What Michael Novak was actually referring to is the fact that people who say they go to church in surveys vote one way or another, but sociologists know a lot of people say they go to church and don't actually go to church. We don't need that kind of rhetoric. We don't need to claim and make claims like that. We saw an awful lot of that. For Mr. Novak to say that Republicans were angry, it seems to me the Democrats were the ones who had the cause to be angry over and over and over again at the complete intransigence of the Republicans. But it's that kind of debate that most Americans don't engage in and I'm glad they don't. I'm glad they don't feel like me; I'm angry. I'm glad they're not angry.

MARGARET WARNER: So you're agreeing with the idea that it is really the political class or, as you put it, the intellectual class that has this great divide or raw feelings but not ordinary Americans, you don't think?
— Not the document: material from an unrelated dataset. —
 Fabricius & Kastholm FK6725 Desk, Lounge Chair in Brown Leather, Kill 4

ALAN WOLFE: That's right. I almost people there are people I've known for a long time, many conservatives and good friends, I barely want to talk to them right now given the anger that I feel. But I'll repeat that's not the way Americans out there in the country feel. Thank God for them, thank God the people are not as passionate about these things as I am and I'm sure as Michael Novak is.

MARGARET WARNER: Michael Novak.

MICHAEL NOVAK: I like the point about passion but it's not the only thing. I was impressed by the numbers that considerably higher black turnout in many areas, including Florida. That's a very good sign. I don't know how much passion it entails but it entails the determination to go out and do something. That's quite good enough for me.
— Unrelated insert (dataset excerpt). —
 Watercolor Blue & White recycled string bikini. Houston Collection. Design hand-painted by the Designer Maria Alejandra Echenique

MARGARET WARNER: But then do you think picking up on the taped piece we just ran, given what part of happened and most of the higher error rates were in the black and poorer precincts that going back to how our institutions fair, that our electoral system did not fair as well as it might have?
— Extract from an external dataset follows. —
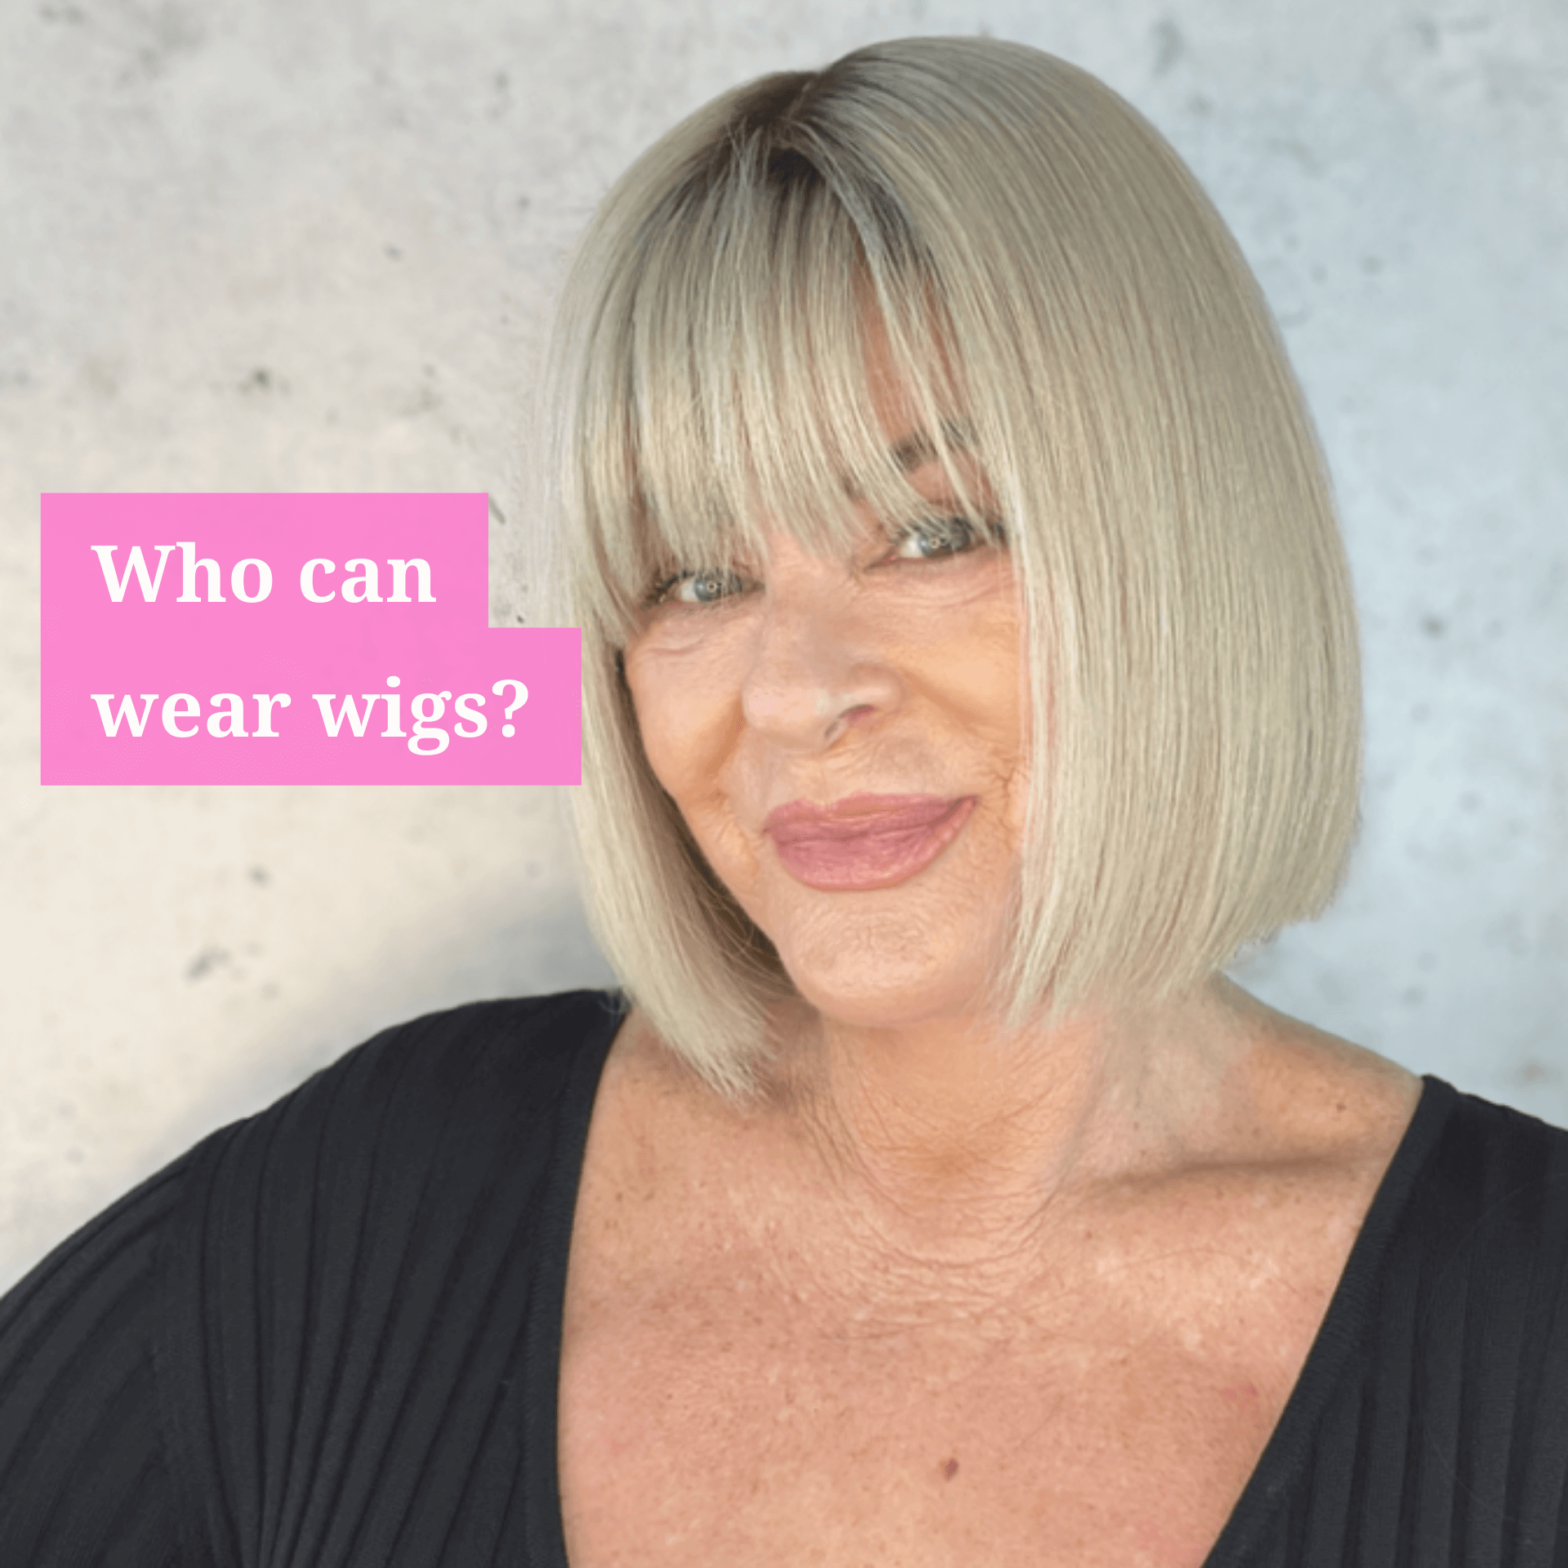 Lace Fronts Australia - who can wear wigs

MICHAEL NOVAK: I don't think the electoral machinery faired as well both human and technical probably. But it's quite striking that nobody is saying it is deliberate but most of the precincts were in control of the party who had benefited by the higher turnout.

WENDY KAMINER: Well, actually, people are saying it was deliberate. Some people are saying it is at least not exactly an unconscious racism, but a kind of subtle racism in the fact that the worst voting machines in Florida tended to be in the black districts, and in the fact that these unreliable lists of alleged felons tended to disproportionately target African Americans. Some people do see a deliberation in that. And if we don't address the problems in the electoral system in the next couple of years, we are going to see a great deal more cynicism than we see today.

MARGARET WARNER: All right. Stephen Carter, your final thoughts.

STEPHEN CARTER: Well, two very quick thoughts. One is on the subject we were just talking about. It is very important I think for the Bush administration to make a very high priority of investigating what went on in the voting in Florida, having the Justice Department look into that. The NAACP is planning litigation under the Voting Rights Act as I think they probably should. But at the same time I think it's very important for whether it's the intellectual class, the elite, or the people in the street, whoever... wherever the rhetoric comes from, I think what has to be toned down on the Democratic and Republican sides is the sense that somebody stole or tried to steal the election. What you had was two people, two parties going at each other passionately, head to head. It got a little out of hand about it now is the time to stop worrying about who stole what and start thinking about the future.

MARGARET WARNER: All right. Thank you all four very much.